**Data below**
━━━━━━━━━━━━━━━━
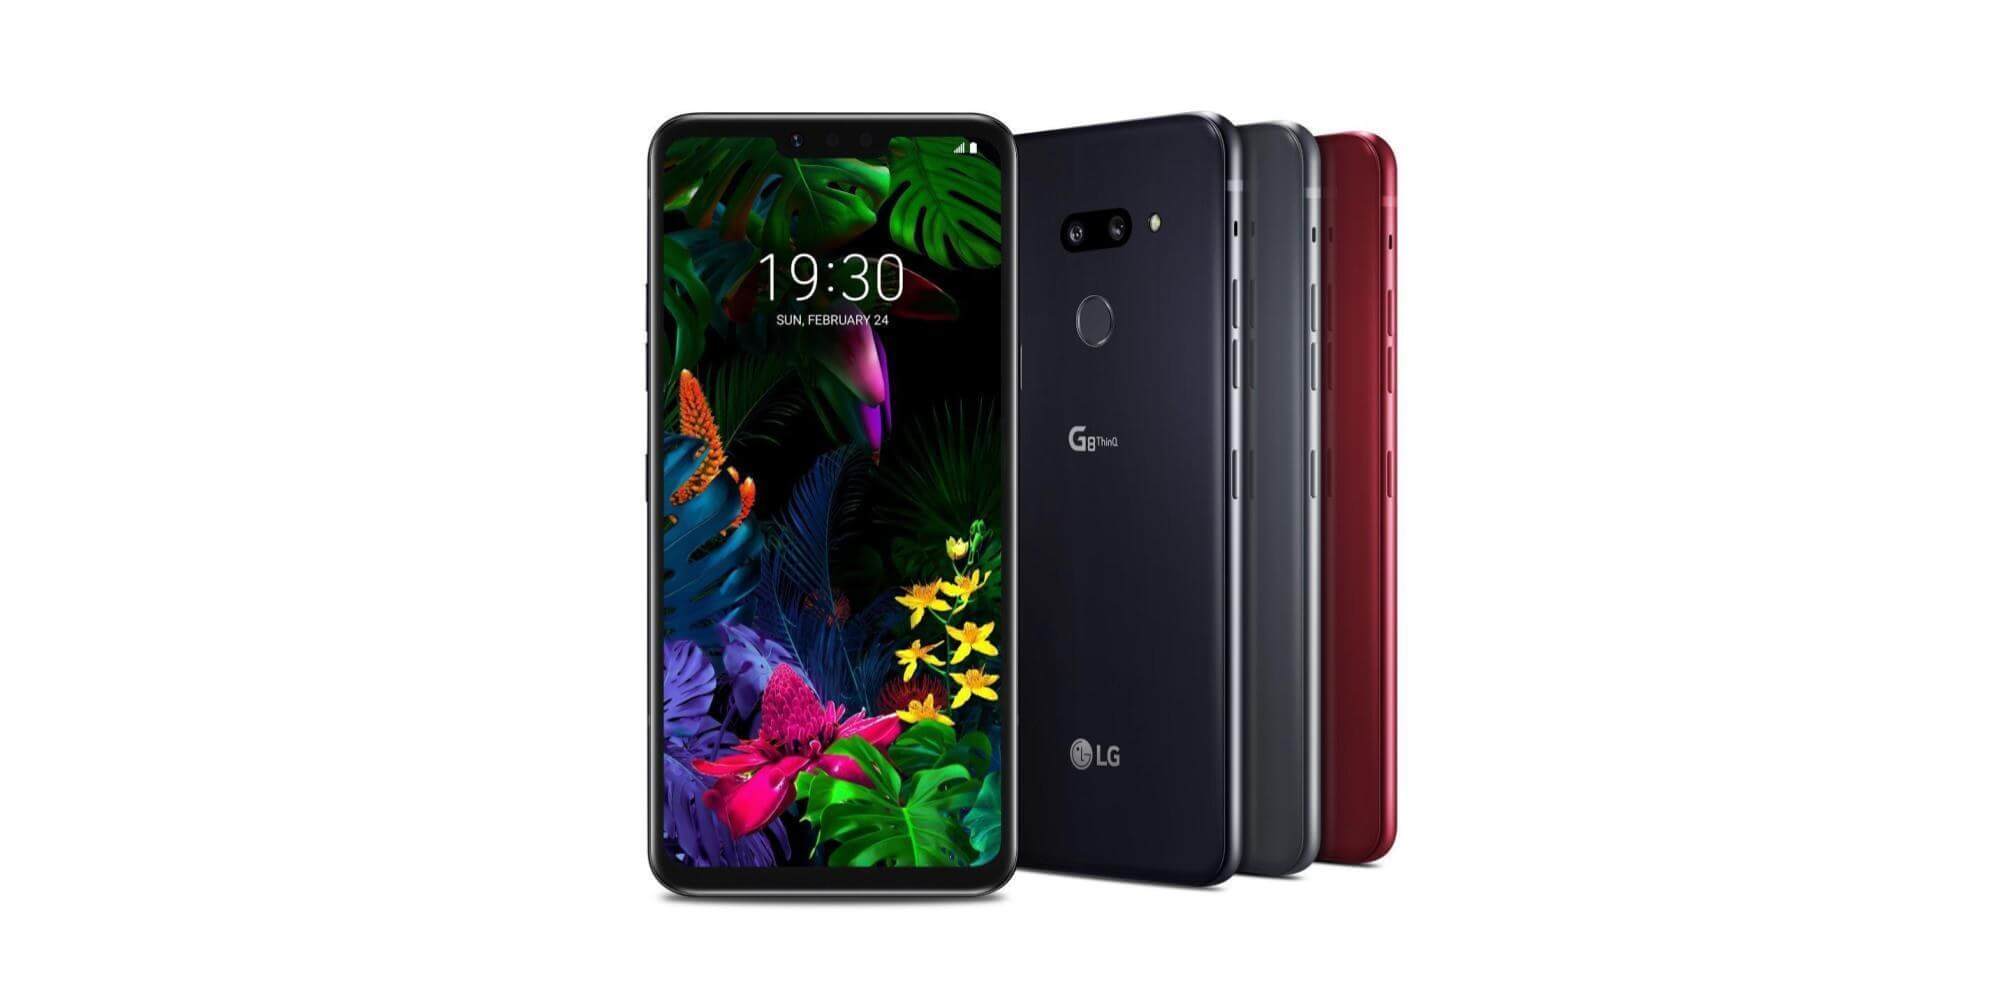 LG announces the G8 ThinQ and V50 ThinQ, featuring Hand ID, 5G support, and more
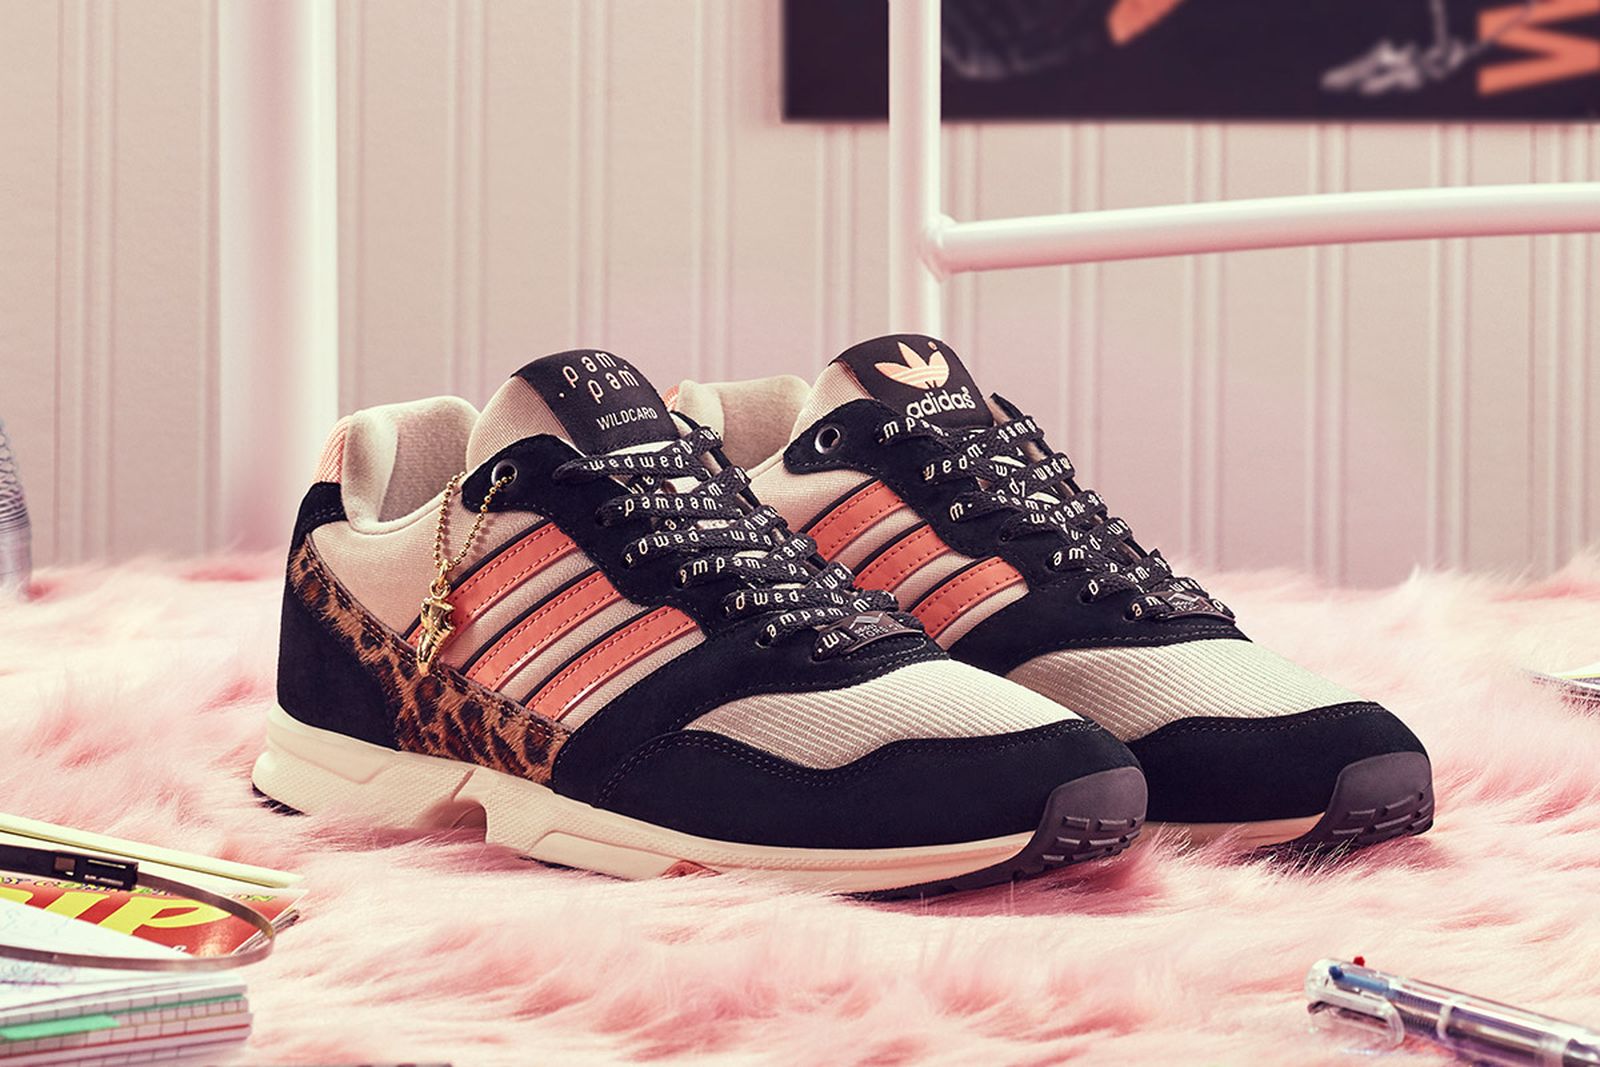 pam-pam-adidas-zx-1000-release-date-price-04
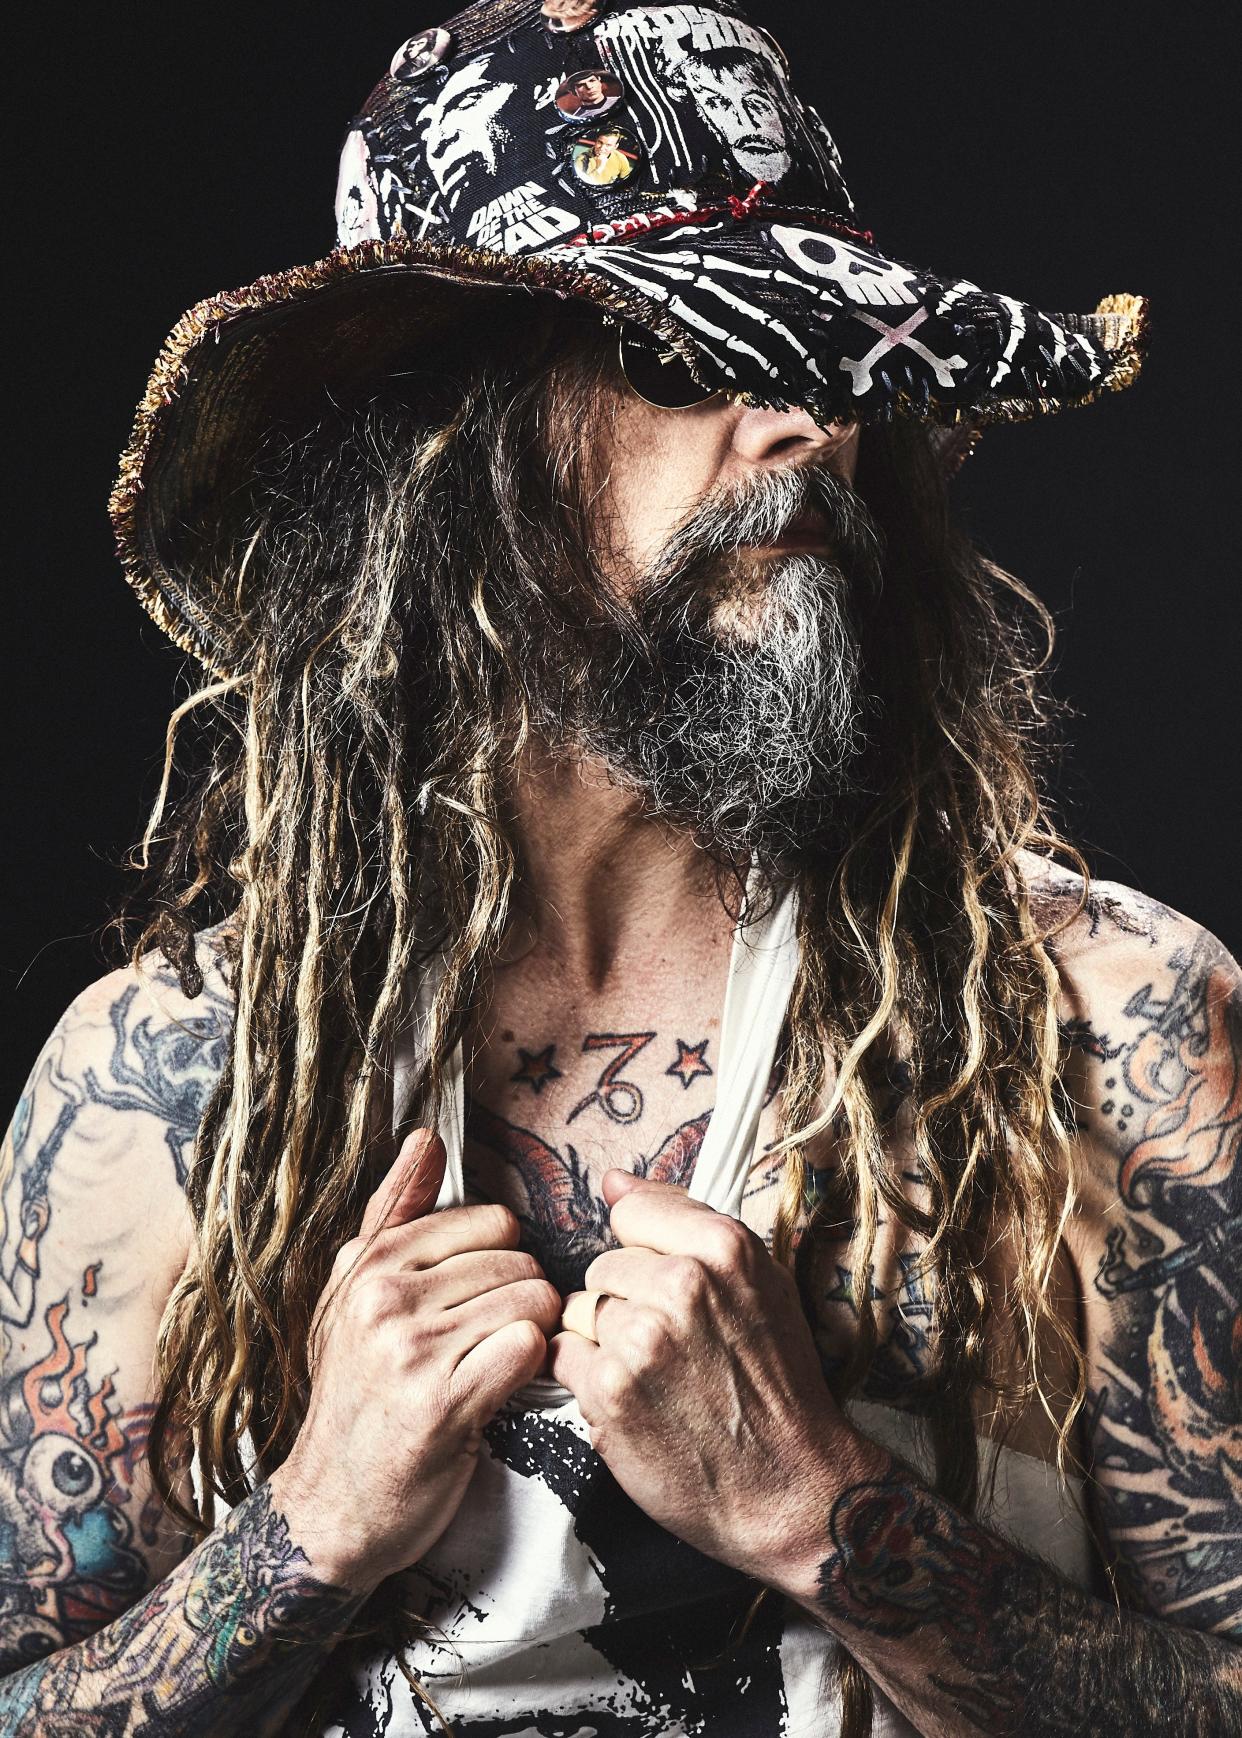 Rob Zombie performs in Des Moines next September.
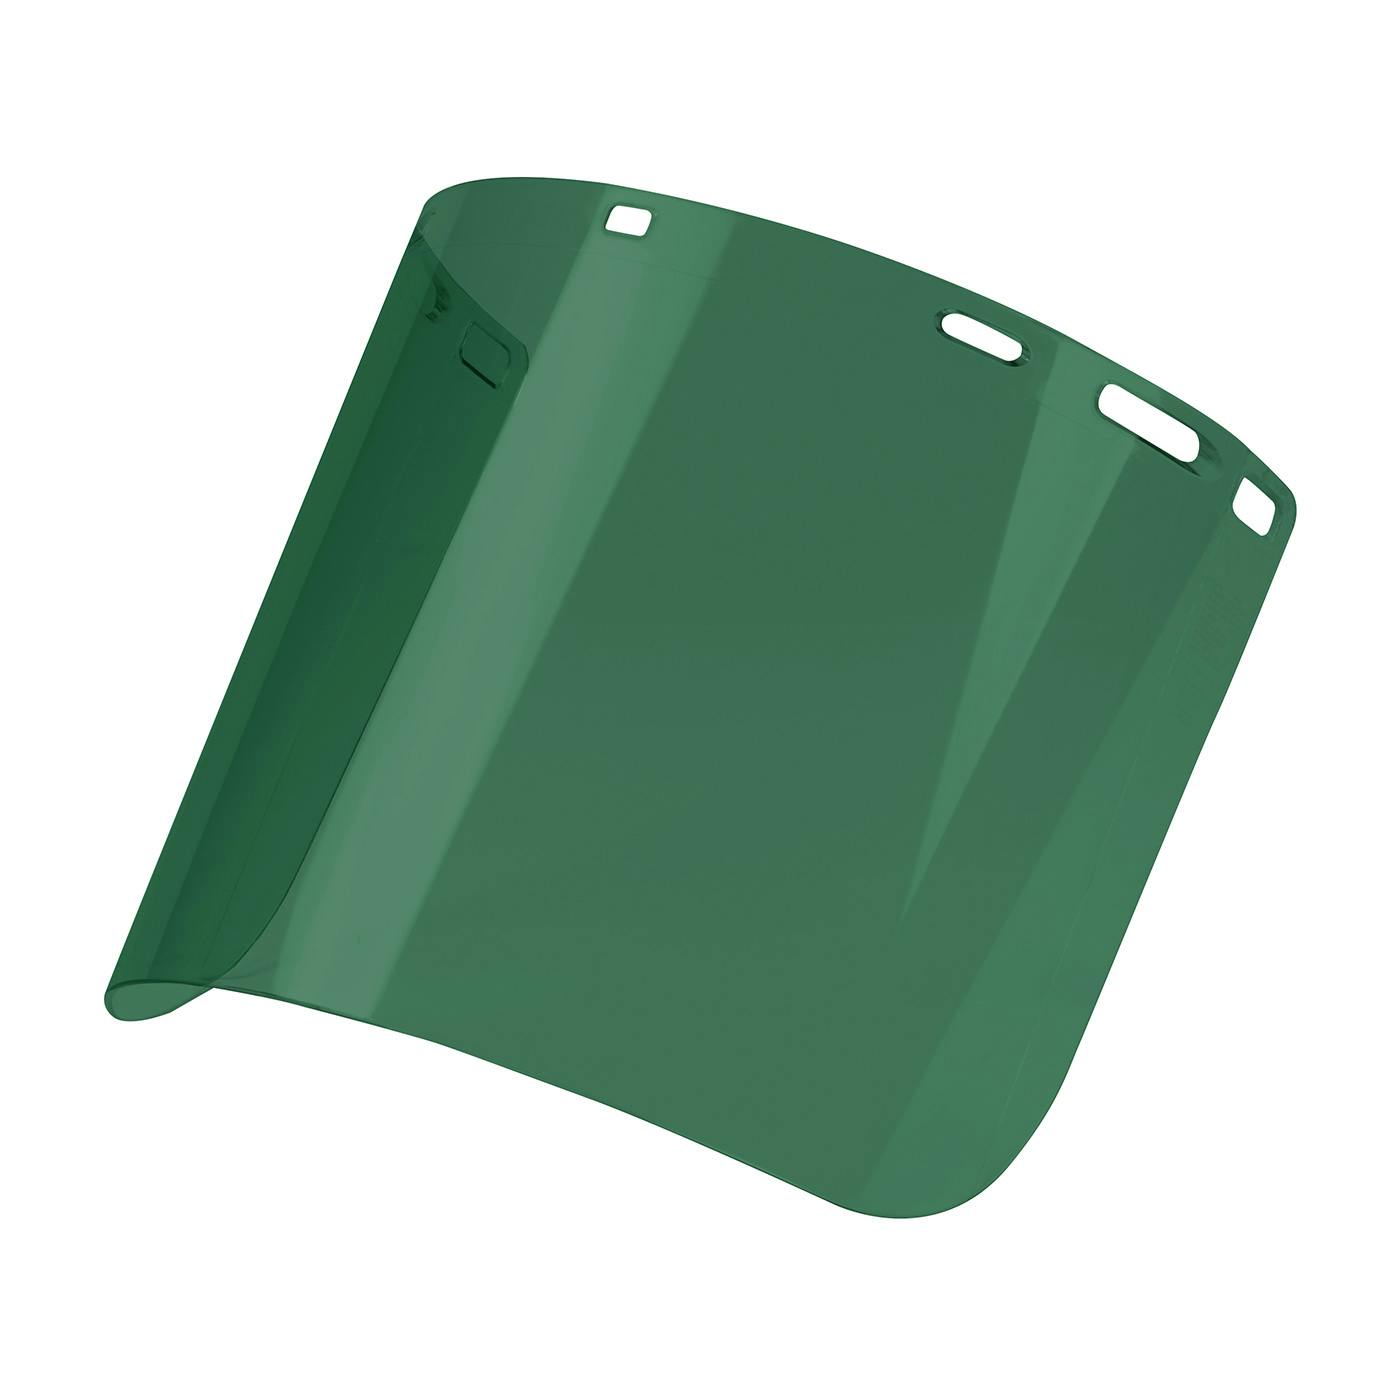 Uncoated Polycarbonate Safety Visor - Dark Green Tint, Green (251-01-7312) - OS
━━━━━━━━━━━━━━━━
**What you will do**
The full listing above, duplicated exactly and without its pictures, is the answer.

**Answer to the problem**
 LG announces the G8 ThinQ and V50 ThinQ, featuring Hand ID, 5G support, and more
 pam-pam-adidas-zx-1000-release-date-price-04
 Rob Zombie performs in Des Moines next September.
 Uncoated Polycarbonate Safety Visor - Dark Green Tint, Green (251-01-7312) - OS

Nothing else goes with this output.